Я вспомнил рассказ доктора Михайловского и заметил Аркадию Николаевичу:
— Вашей супруге было более двадцати лет.
— Это ничего не значит, — отвечал он. — Есть четырнадцатилетние девушки, которые могли бы быть подругами и поддержкою сорокалетнему мужчине, и есть женщины гораздо старше моей покойной жены и все же дети, нуждающиеся в руководителях. Не думайте, чтобы этим я хотел сказать что-либо не в пользу умственных способностей Зины, нет, она была развита и умна, но отвлеченно. С ней было приятно поговорить и послушать ее суждения. В практической же жизни — она была дитя. Она относилась ко всему доверчиво, слепо, именно по-детски…
Рацеи Можаровского были мне очень смешны. Я едва мог удержаться от хохота.
Я заметил на это, что опыт дается жизнию.
— Все это так… Но помните ли вы стихи Пушкина:
В одну телегу впрячь не можно Коня и трепетную лань?.. [83]— Мне очень грустен предмет теперешнего нашего разговора, — продолжал Можаровский, — но, чтобы строго не судили меня за мою настоящую, поспешную в глазах других, женитьбу, я должен откровенно сознаться вам, что я в первом своем супружестве был несчастлив: меня преследовала мысль, что я связал собою судьбу молодой девушки. Может быть, не выходя за меня замуж, она, хотя короткое время своей жизни, была бы счастлива с молодым мужем и пользовалась бы взаимною любовью. Молодой человек никогда не может быть так строг и разборчив в женщине, как мужчина моих лет. Авдотью Никаноровну же я знаю давно. Женщина эта перенесла много горя и страдания. Она выработала из себя опытного борца с жизнию…
83
В одну телегу впрячь не можно… — цитата из «Полтавы» А. С. Пушкина.
— А между тем она была задушевною подругою вашей супруги…
— Отношения их были другого рода, — отвечал, смешавшись, Можаровский, — Авдотья Никаноровна значительно старше годами моей покойной жены. Зина всегда смотрела на нее с уважением и руководилась ее советами. Будучи сиротою, она была привержена к ней, как к матери. Со своей стороны, Авдотья Никаноровна тоже любила Зину, как доброе и нежное дитя, и смотрела на нее как на дочь.

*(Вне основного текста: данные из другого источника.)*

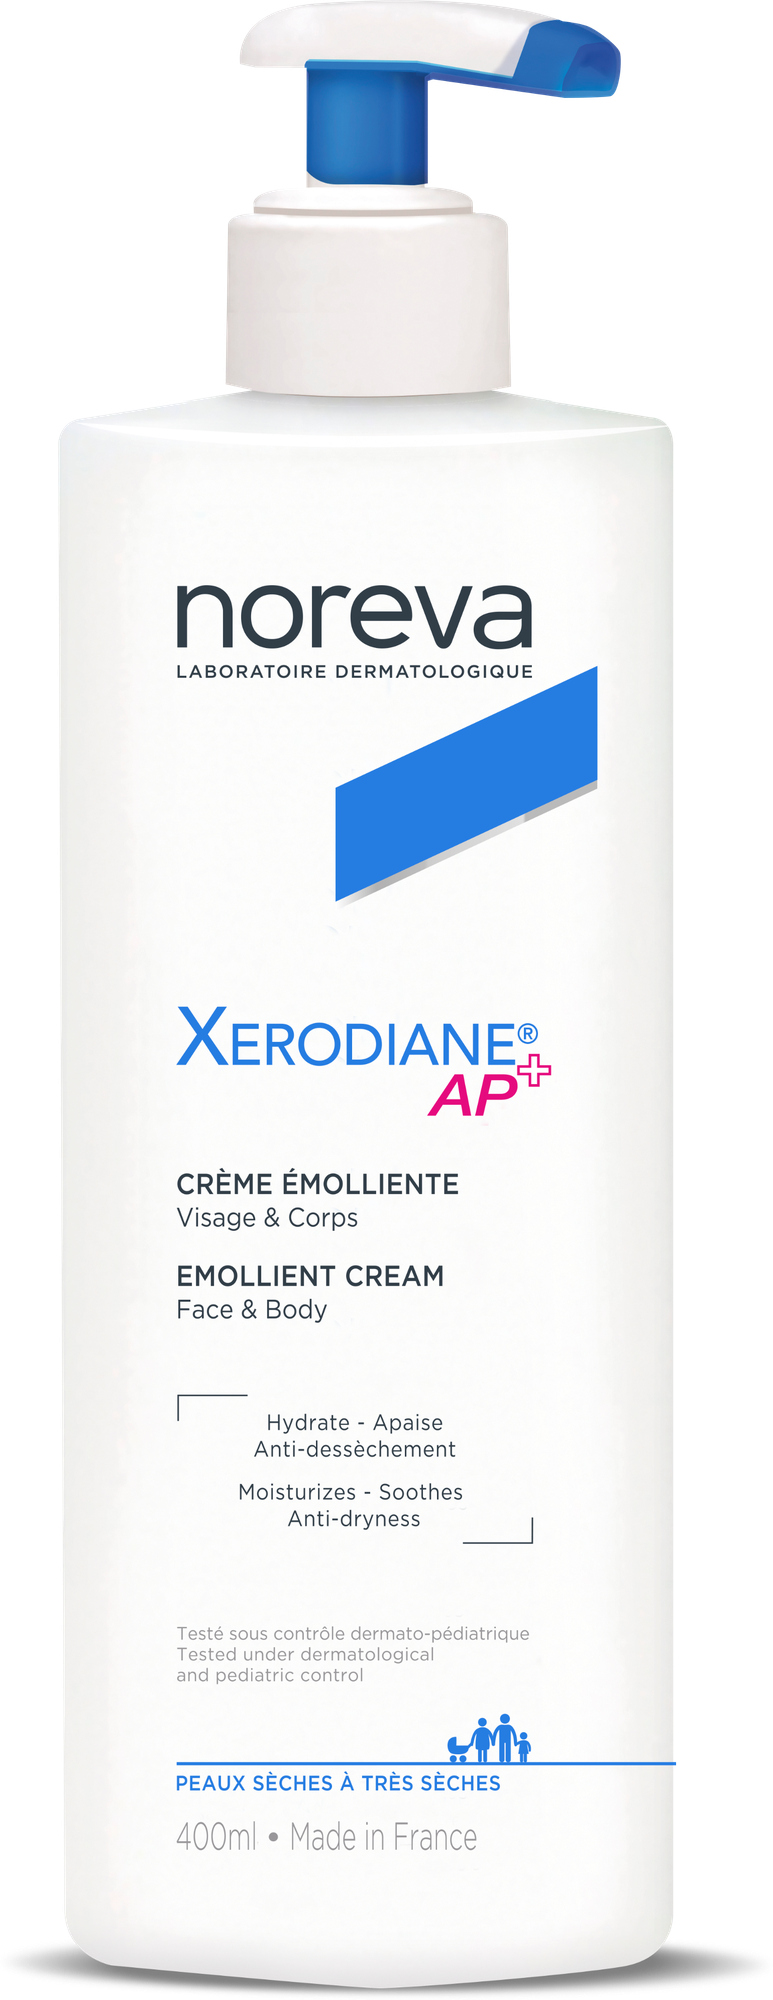 Noreva Крем-эмольянт для очень сухой и атопичной кожи Ксеродиан АР+, 400 мл (Noreva, ) - фото №8

— Странное сочетание случаев в жизни Авдотьи Никаноровны, — проговорил я резко, переменяя предмет разговора. — В жизни редко выпадает такая печальная доля. Внезапная смерть похищает у нее всех близких к ней. — Я сделал паузу.
— Я слушаю вас, — сказал удивленно Можаровский.
В глазах его я читал любопытство, но не тревогу совести.
— Разве вы не знаете?.. Такою же скоропостижною смертью, как ваша супруга, у Авдотьи Никаноровны умер за границею муж. Он тоже скончался по происшествии нескольких минут после свидания с нею, находясь перед этим совершенно здоровым. Кроме того, недавно мне попалось нечаянно в руки еще одно дело, преданное архивной пыли: у Авдотьи Никаноровны был хороший знакомый, некто помещик Чернодубский, бывавший у них в доме почти ежедневно. В один день он повстречался с Авдотьею Никаноровной около Пассажа, пошутил, посмеялся, сел в карету — и отдал Богу душу. Смерть его очень огорчила Авдотью Никаноровну, но зато она выручила из неприятного положения другого ее хорошего знакомого, господина Кебмезаха, который, накануне, проиграл Чернодубскому значительный куш денег, обещаясь доставить их чрез несколько дней, по неимению в данное время…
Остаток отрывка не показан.